What this means is that if the person just imagines opening or closing their hand, there will be a percentage of neurons that will increase their firing rate for these motions. Because scientists can monitor this type of brain activity, they can figure out which motions cause which subsection of neurons to fire. This can be calibrated by asking an individual to think about making certain movements and recording which neurons increase or decrease their activity. From this information, researchers can create a map or algorithm that will later be used to decode that information in real time.
Given the complexity of the brain, the neuronal activity created by such thoughts varies from individual and can even vary from day to day in the same individual, due to the brain’s natural movement. So the recalibration has to be repeated at least daily.
“It’s really not that big of a deal. We just have the person imagine they’re making movements for a couple of minutes and this is sufficient to get a good initial estimate of that mapping from neural patterns. Then we can keep refining that as they actually control their computer cursor or robotic arm,” explains Jarosiewicz.

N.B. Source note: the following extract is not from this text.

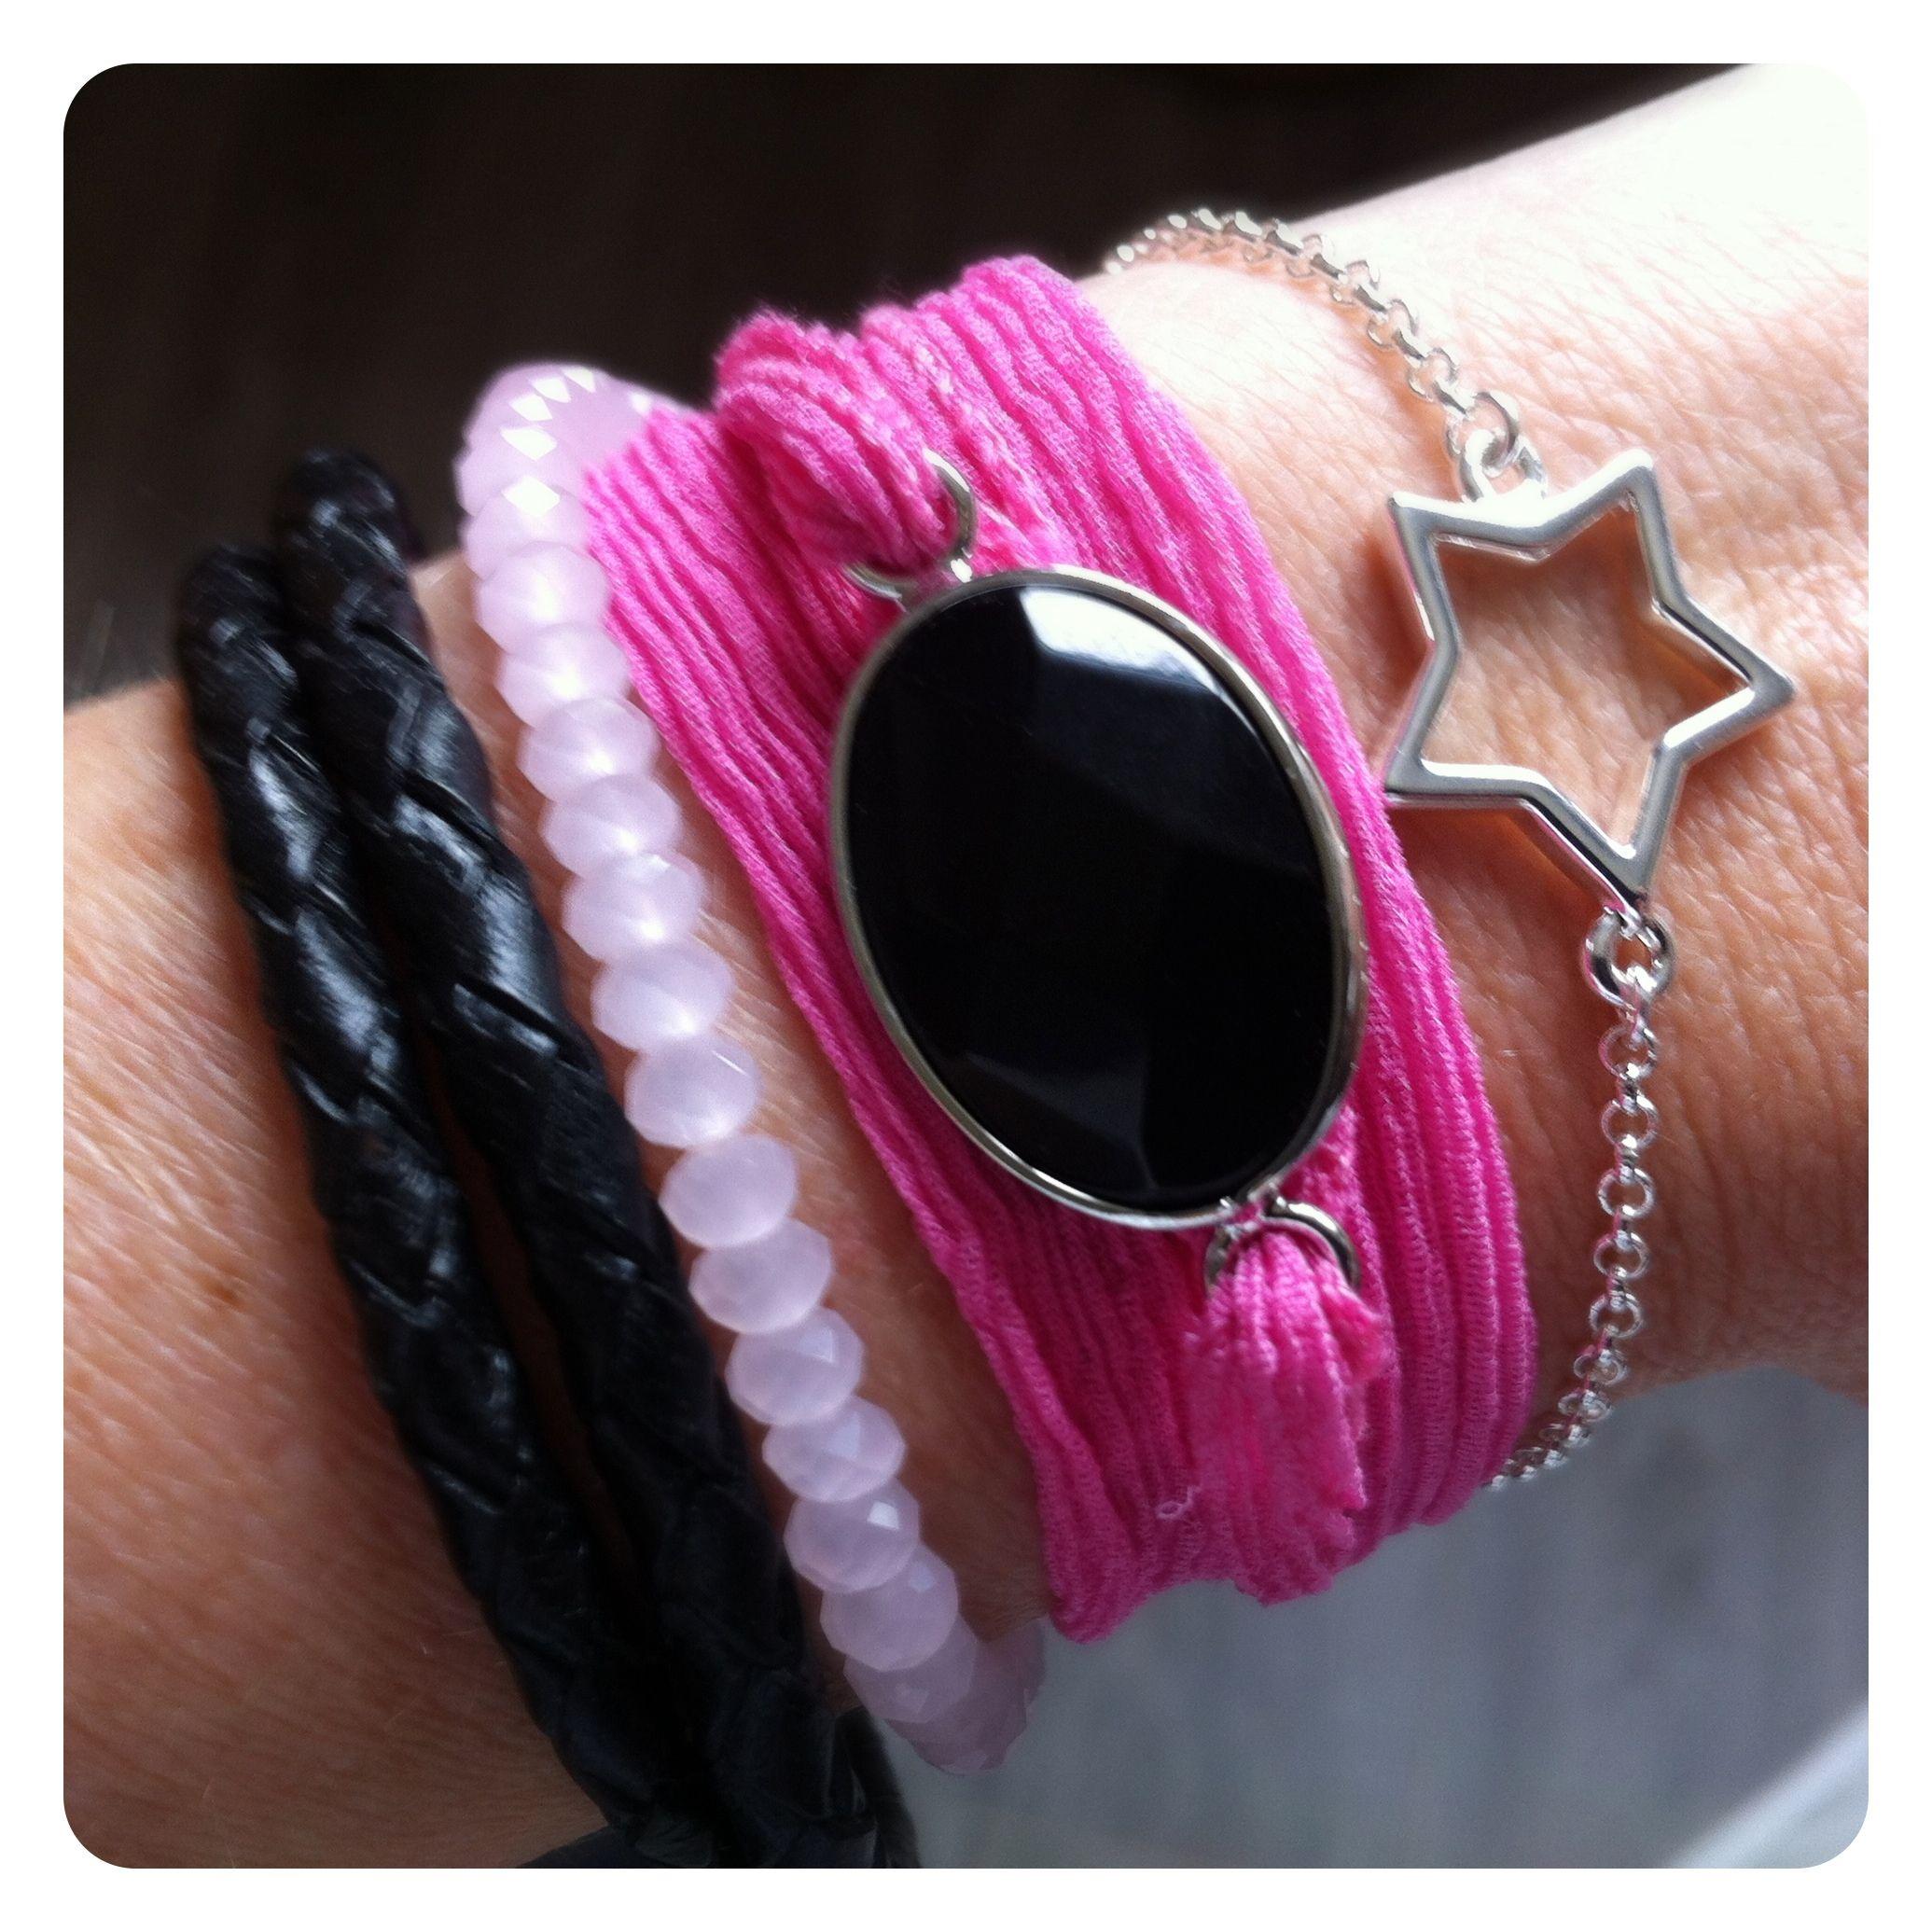 Inspiratie zijde armband... Leuk te combineren met je andere armbandjes http://www.nellastyling.nl/c-1183154/armbanden/

While it’s relatively easy to see how imagining moving a body part can create a pattern of neuronal energy that can be translated into movement of a prosthetic arm in real time, when it comes to interacting with a computer cursor, the correlation does not seem quite so clear. So where does that data come from?
“When an able bodied person is controlling a cursor on a computer screen, externally they are doing that by moving a mouse around and tapping their finger on the clicker. So we can ask a person to imagine doing that or we can have them imagining they’re moving a finger on a track pad, or anything that feels intuitive to them,” says Jarosiewicz.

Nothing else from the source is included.